Though Sarah attempted to become an artist, after studying intensely with Matisse she felt she did not have the talent. Instead, she became a Christian Science practitioner, or healer.
“Now that’s quite a leap isn’t it,” Nonnenberg laughed.
During the beginning of World War I, many pieces of Sarah and Michael Stein's collection were taken by the Germans, devastating her. After retrieving the pieces, Michael Stein felt the pieces had lost value, so he sold many of the paintings to a Danish collector. As the threat of a Hitler run country became more and more of a danger, the Steins returned to California with their grandson, Daniel, in the 1930s, leaving Matisse behind.
“I feel as if the best of my audience left with you,” Matisse wrote in a letter to Sarah Stein.

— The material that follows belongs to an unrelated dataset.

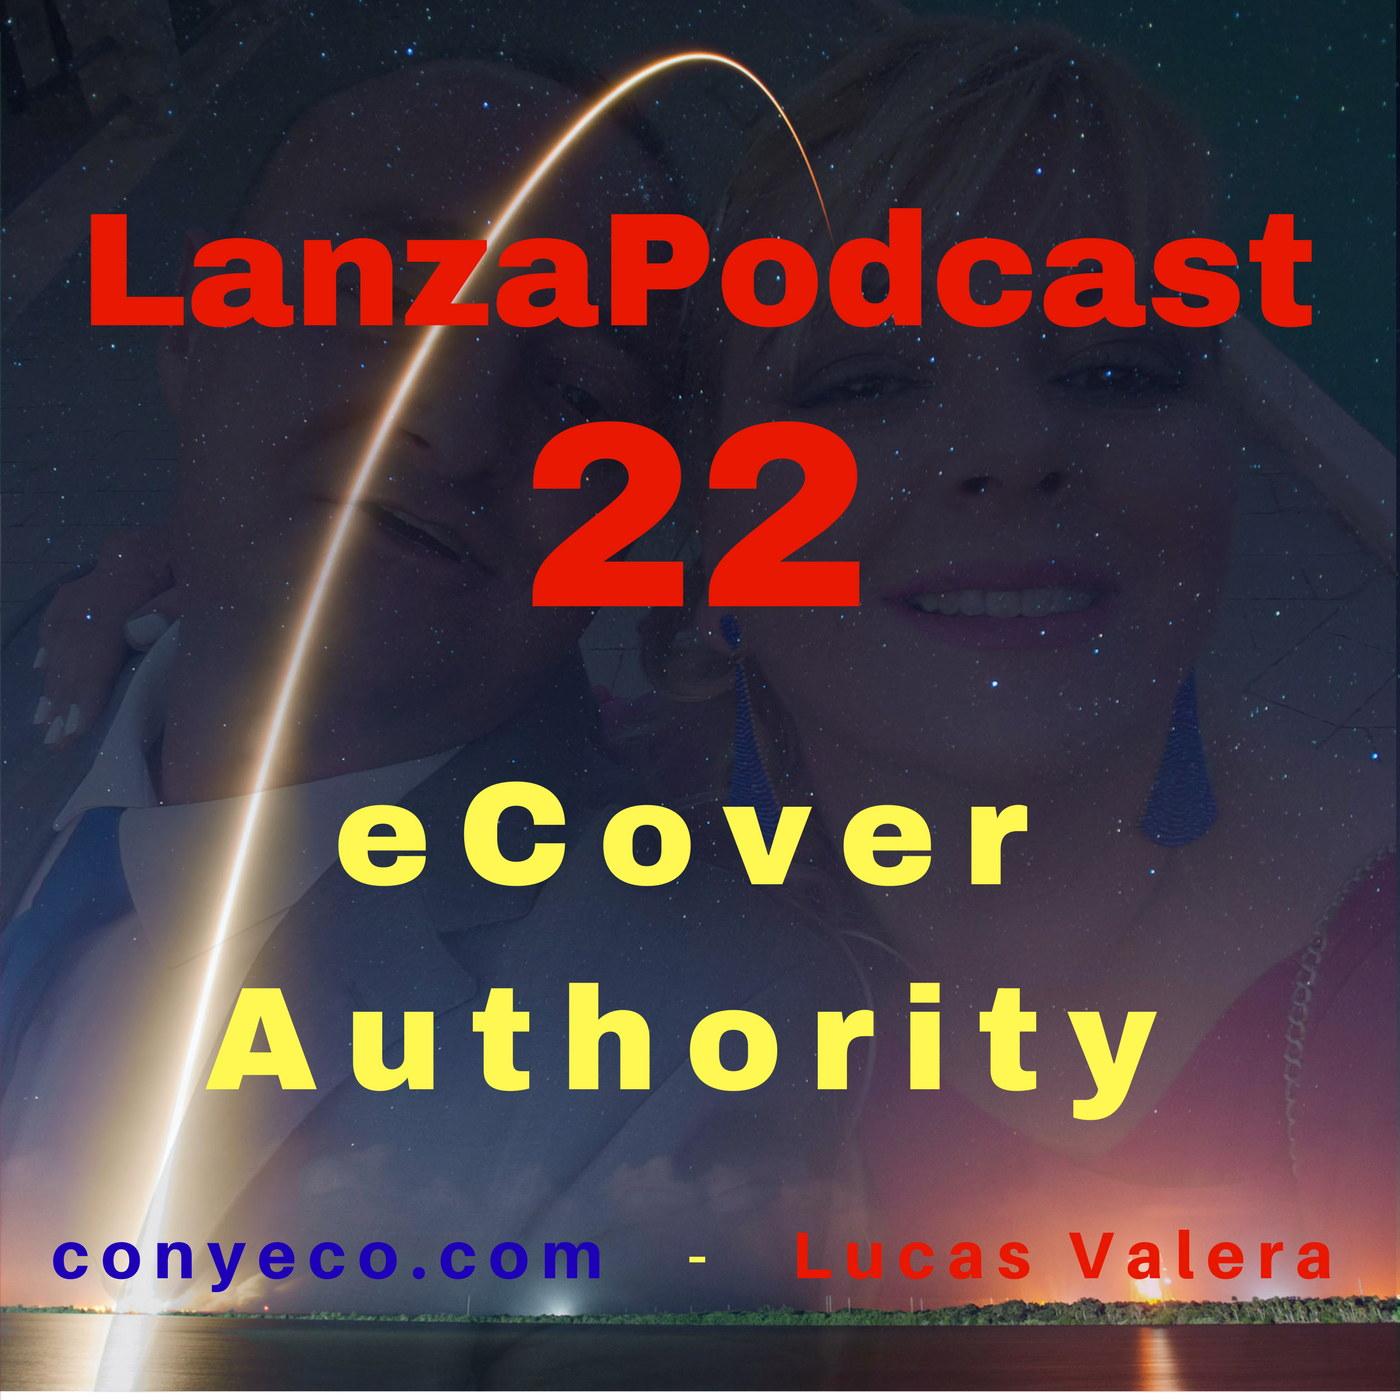 LanzaPodcast-22-eCoverAuthority-conyeco.com-Lucas-Valera

They settled in a house on Kingsley Street in Palo Alto, less than a 10-minute drive from the council chambers where the presentation was held. While living on Kingsley, the Woman with a Hat was the centerpiece of her home, which she enjoyed showing to Stanford students who wanted a tour. Sadly, after her husband died, Sarah Stein’s ailing health could not uphold the remains of her beautiful collection or the gambling problems of her grandson.
“He had no problem with grandma selling her art to support his hobbies,” Nonnenberg said.
As she suffered from possibly dementia or Alzheimer’s, Nonnenberg said, Sarah began to sell paintings for prices far below their market value and destroyed all letters from Matisse in order to forget the art collection that once brought such joy into her life.
“It was said by the end she was barely lucid,” Nonnenberg said.
Sarah’s friend Elise Haas bought Woman With a Hat for just $20,000 with the full intention of donating it to the San Francisco Museum of Modern Art. So Sarah Stein said goodbye to the piece that had birthed her life’s passion.
After Sarah Stein’s death in 1953, Daniel Stein, known as a character that many did not get along with, kept his grandmother’s memories in less than desirable form. The notebook of Sarah Stein is said to been found underneath a crawlspace in Daniel’s home. Daniel’s home also contained Matisse originals in locations meant for items of little importance.
“This is a very dysfunctional family folks, there was not a whole lot of communication between them,” Nonnenberg said.
Those in attendance at the presentation were full of questions after the presentation and generally fascinated throughout the lecture.
Audience member Bill Newell said, “I think it’s important to know as much of your local history as possibly especially with such a rich local history as ours.”
Woman with a Hat as well as several other pieces collected and painted by the Stein family, including Matisse’s Portrait of Sarah Stein, are on exhibition at the San Francisco Museum of Modern Art. The exhibit, The Steins Collect, will be on display until September 6.
Though Sarah Steins’ life may have ended with an aching sadness, we must be reminded of the beauty she circulated throughout the world, Nonnenberg said.
“While it is always sad when someone suffers from Alzheimer’s disease or dementia,” Nonnenberg said. “We must keep in mind Sarah had a unique and happy life.”